PROVIDED INFORMATION Block Start
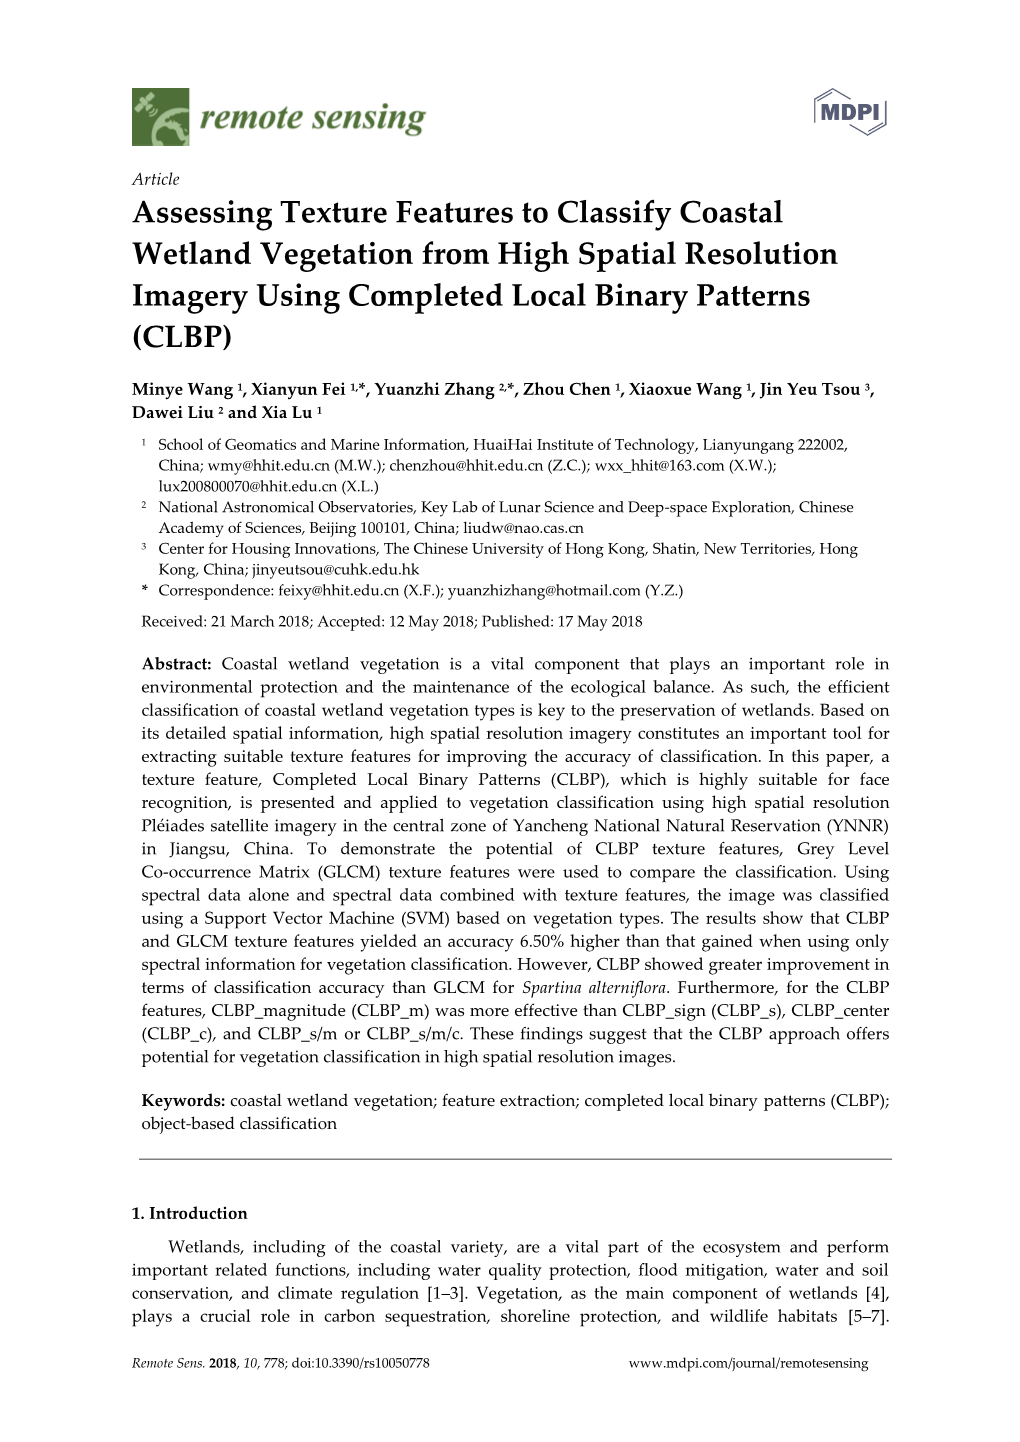 Assessing Texture Features to Classify Coastal Wetland Vegetation from High Spatial Resolution Imagery Using Completed Local Binary Patterns (CLBP)
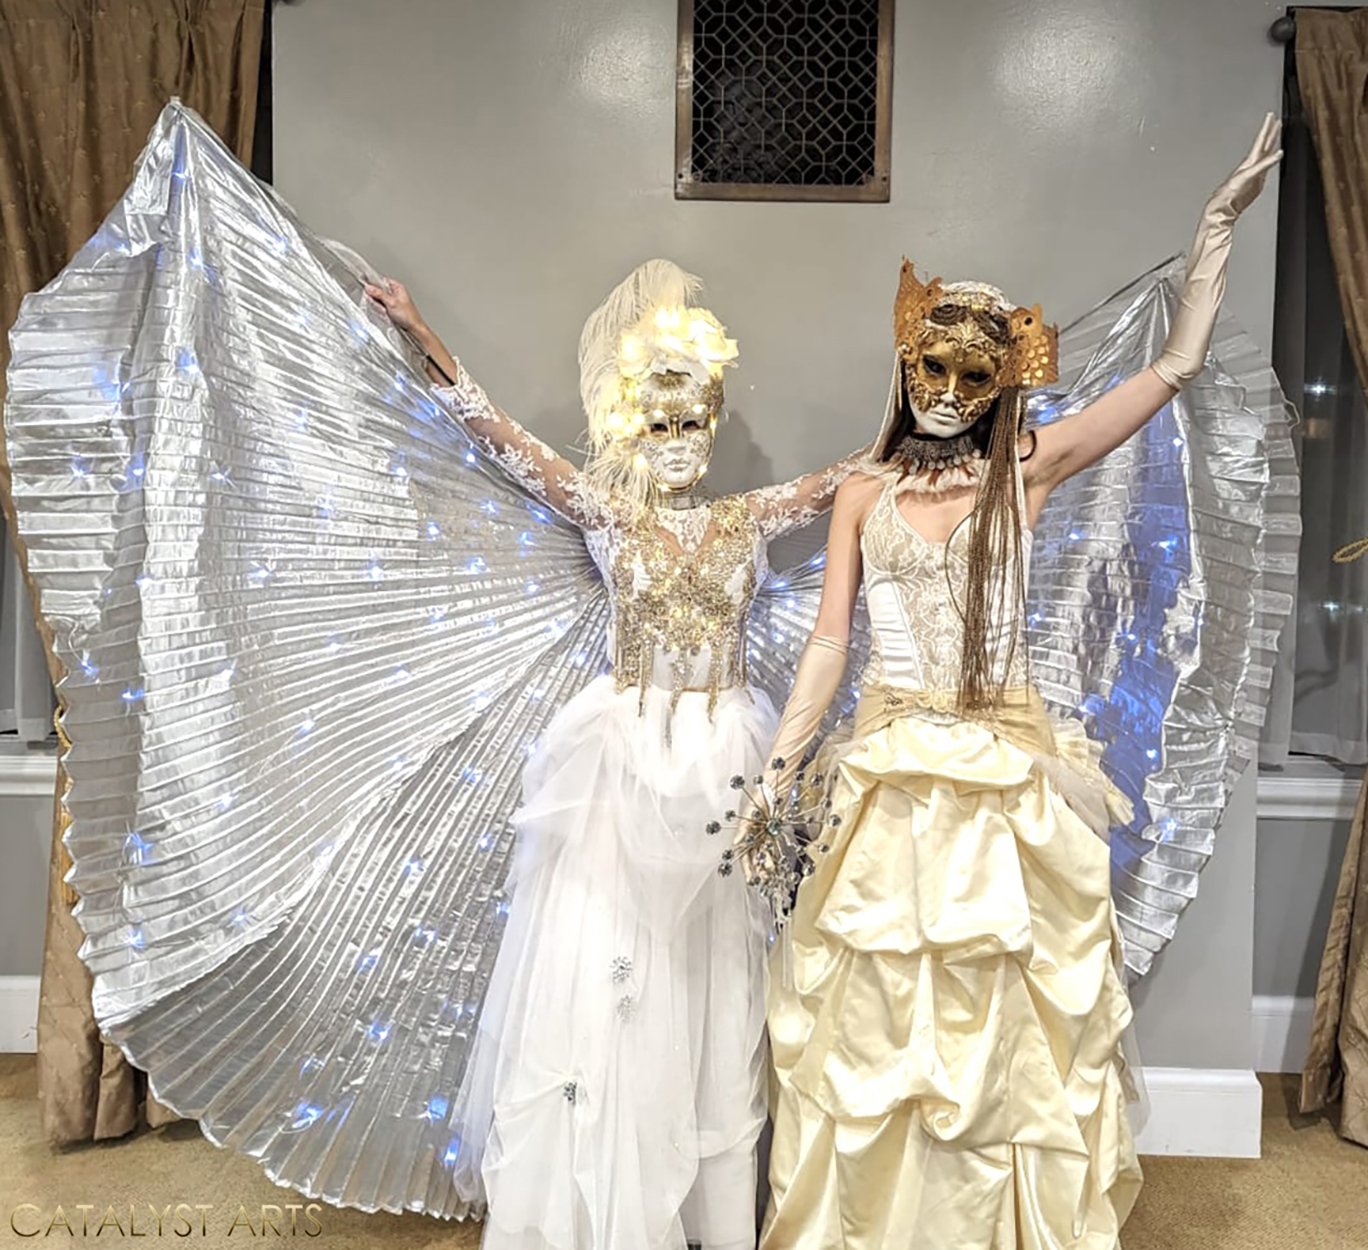 Venetian masked performers dancers at Bay Area Holiday Party, Catalyst Arts Elevated Entertainment 
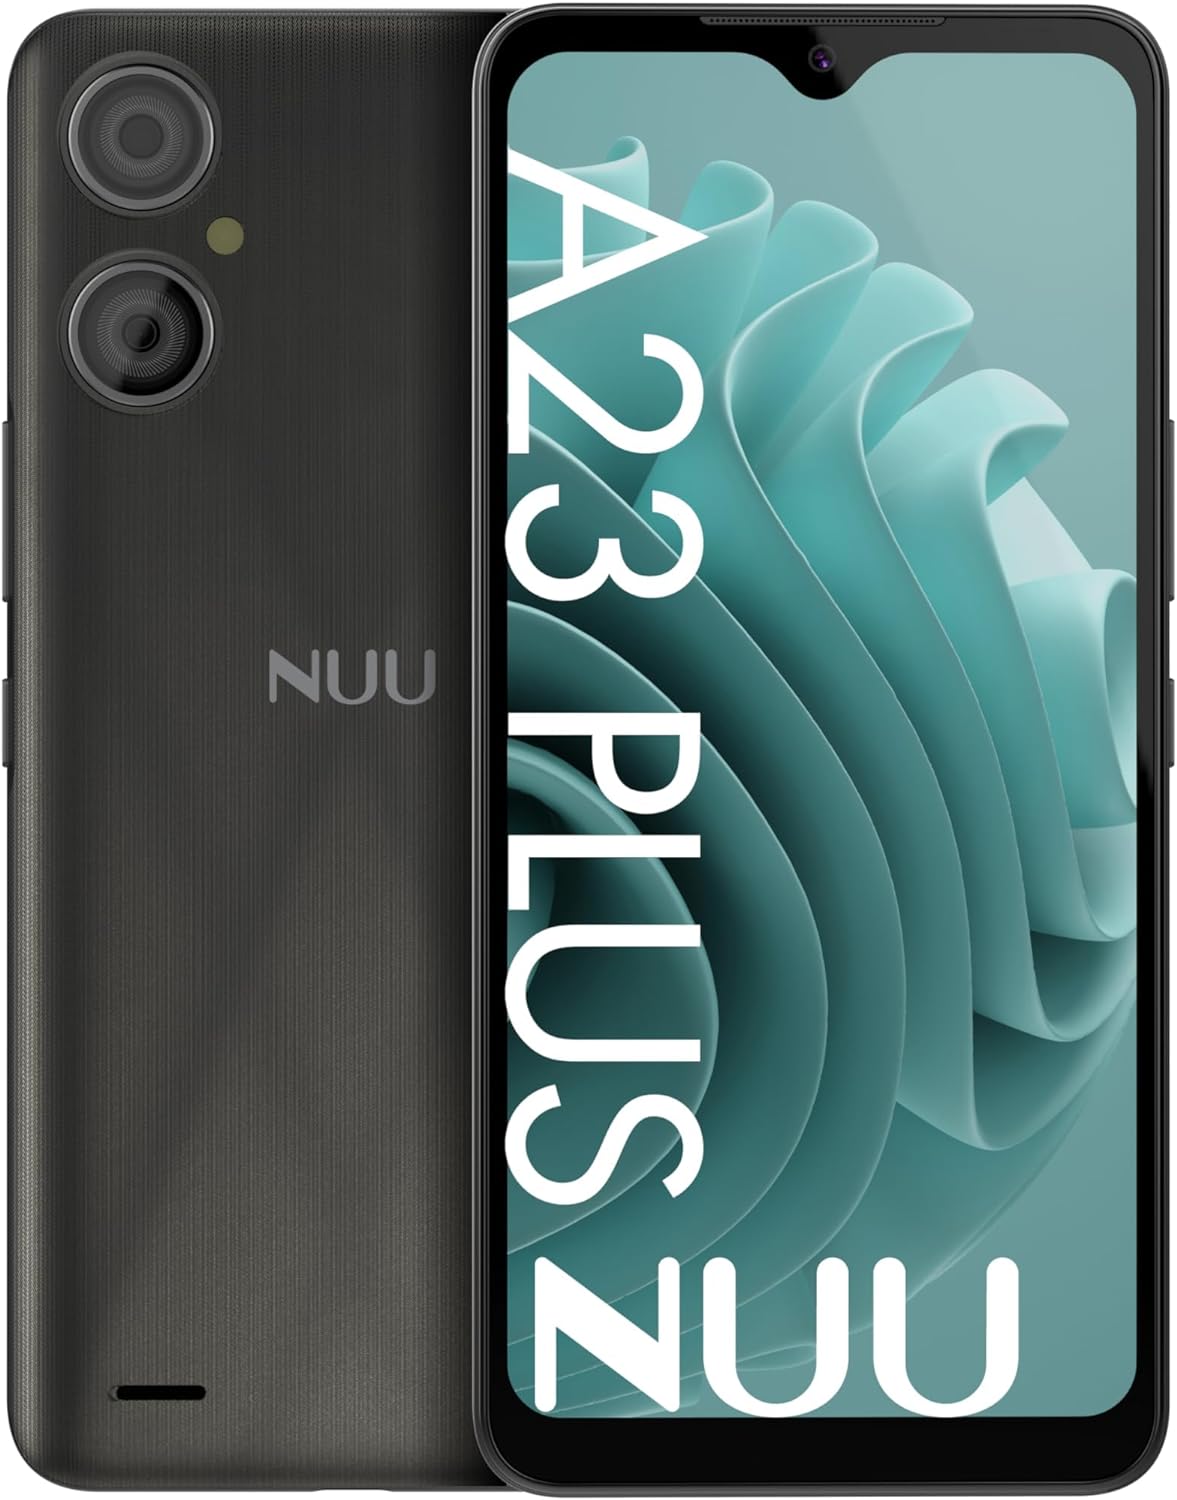 NUU A23Plus Basic Cell Phone for AT&T, T-Mobile, Cricket, Mint Mobile, Metro, 64G/3GB 6.3" 4G LTE, Q Link, Hello Mobile Dual SIM, Black, 365 Days US Warranty with Detachable & Replaceable Battery
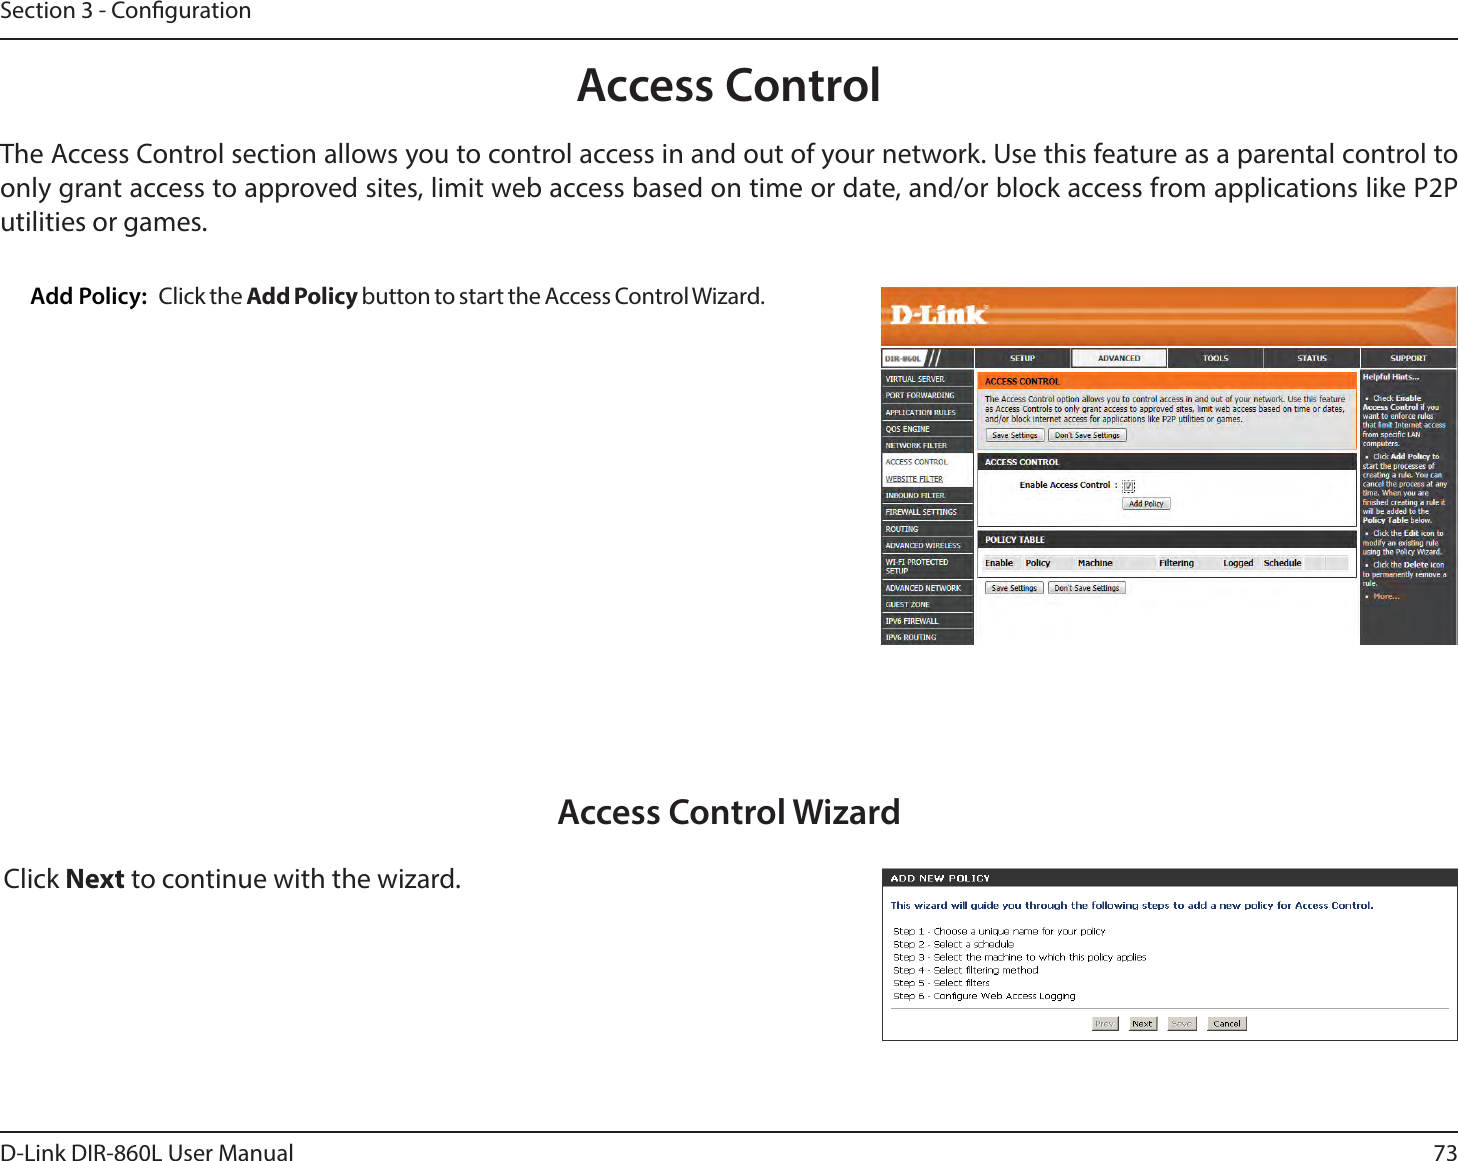 73D-Link DIR-860L User ManualSection 3 - CongurationAccess ControlClick the &quot;EE1PMJDZ button to start the Access Control Wizard. Add Policy:The Access Control section allows you to control access in and out of your network. Use this feature as a parental control to only grant access to approved sites, limit web access based on time or date, and/or block access from applications like P2P utilities or games.Click Next to continue with the wizard.Access Control Wizard
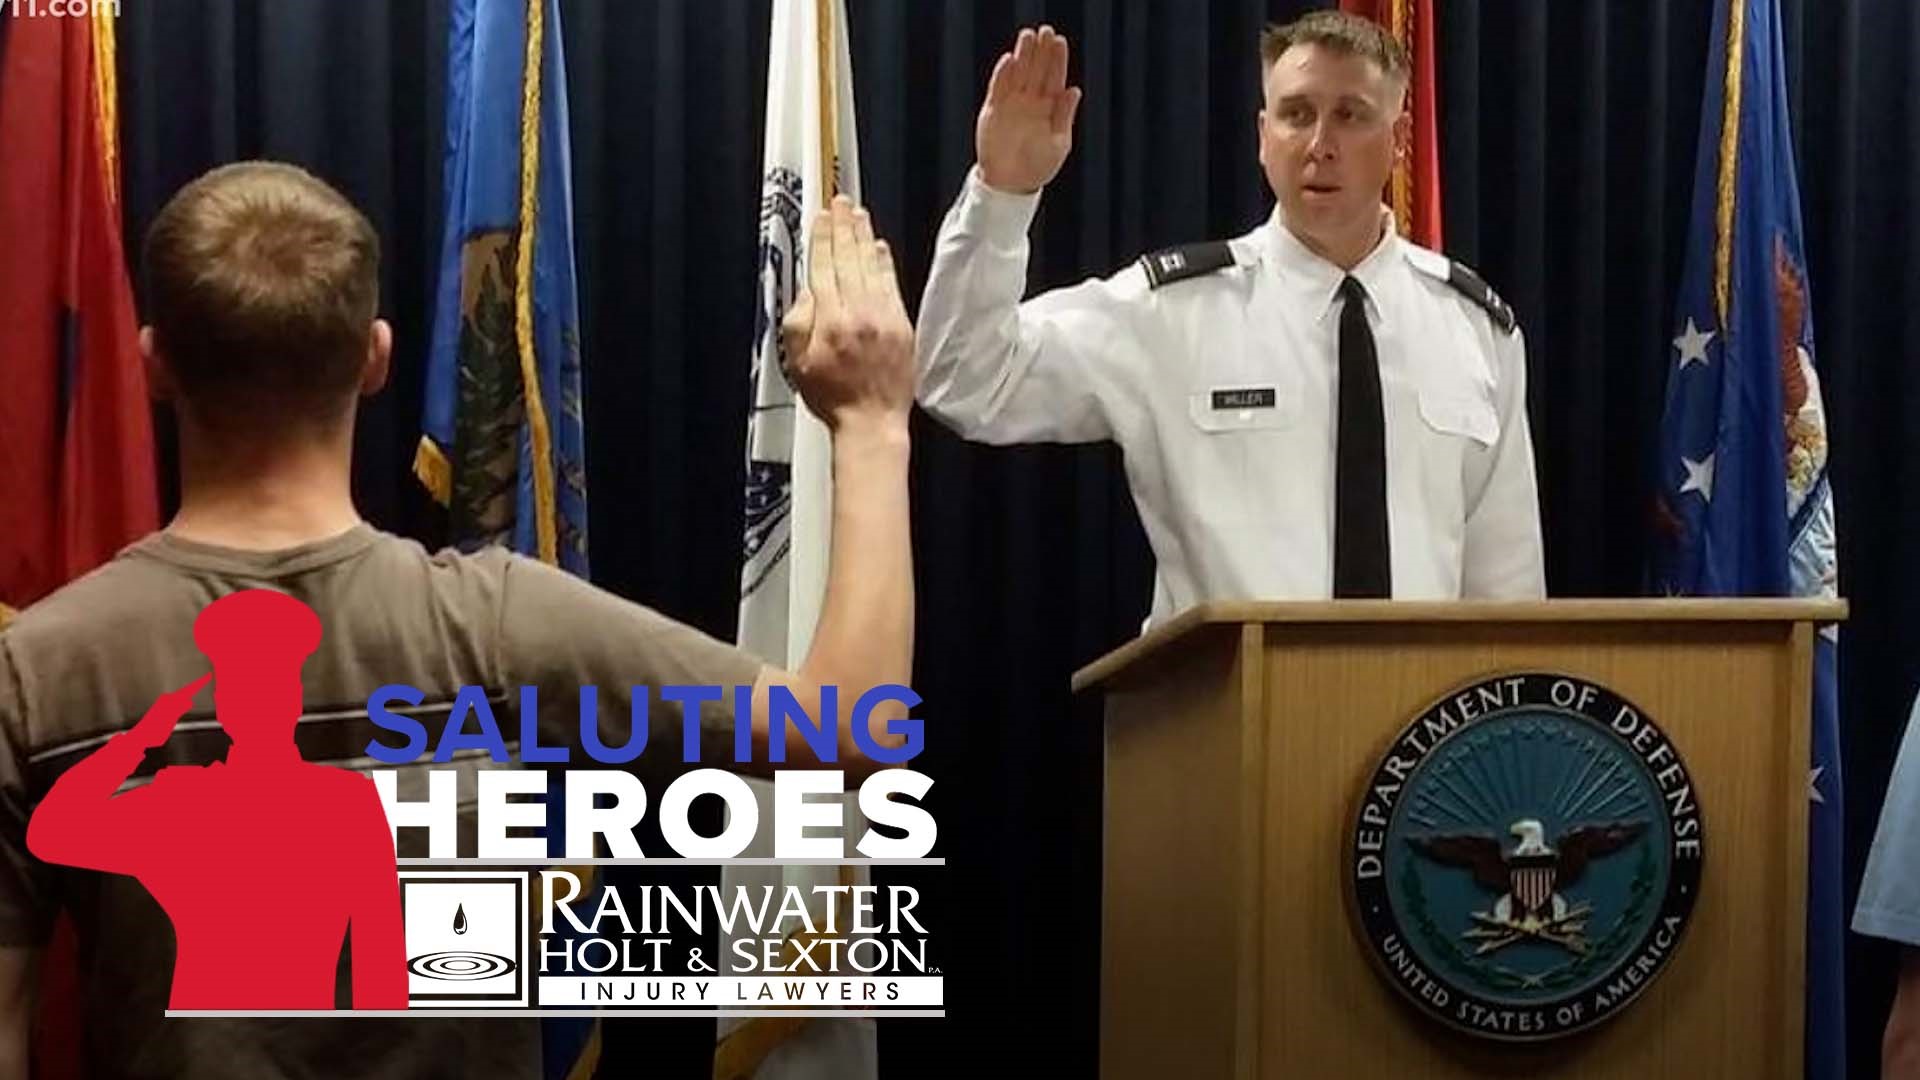 In this episode of Saluting Heroes, we take a look at the various ways that Arkansas is supporting and honoring the heroes that call the Natural State home.
PROVIDED INFORMATION Block End
» **DIRECTIONS**:
Set down the records above word for word, from the first line through the line containing "NUU A23Plus Basic", both included; leave out the pictures.

» **EXERCISE OUTPUT**:
 Assessing Texture Features to Classify Coastal Wetland Vegetation from High Spatial Resolution Imagery Using Completed Local Binary Patterns (CLBP)
 Venetian masked performers dancers at Bay Area Holiday Party, Catalyst Arts Elevated Entertainment 
 NUU A23Plus Basic Cell Phone for AT&T, T-Mobile, Cricket, Mint Mobile, Metro, 64G/3GB 6.3" 4G LTE, Q Link, Hello Mobile Dual SIM, Black, 365 Days US Warranty with Detachable & Replaceable Battery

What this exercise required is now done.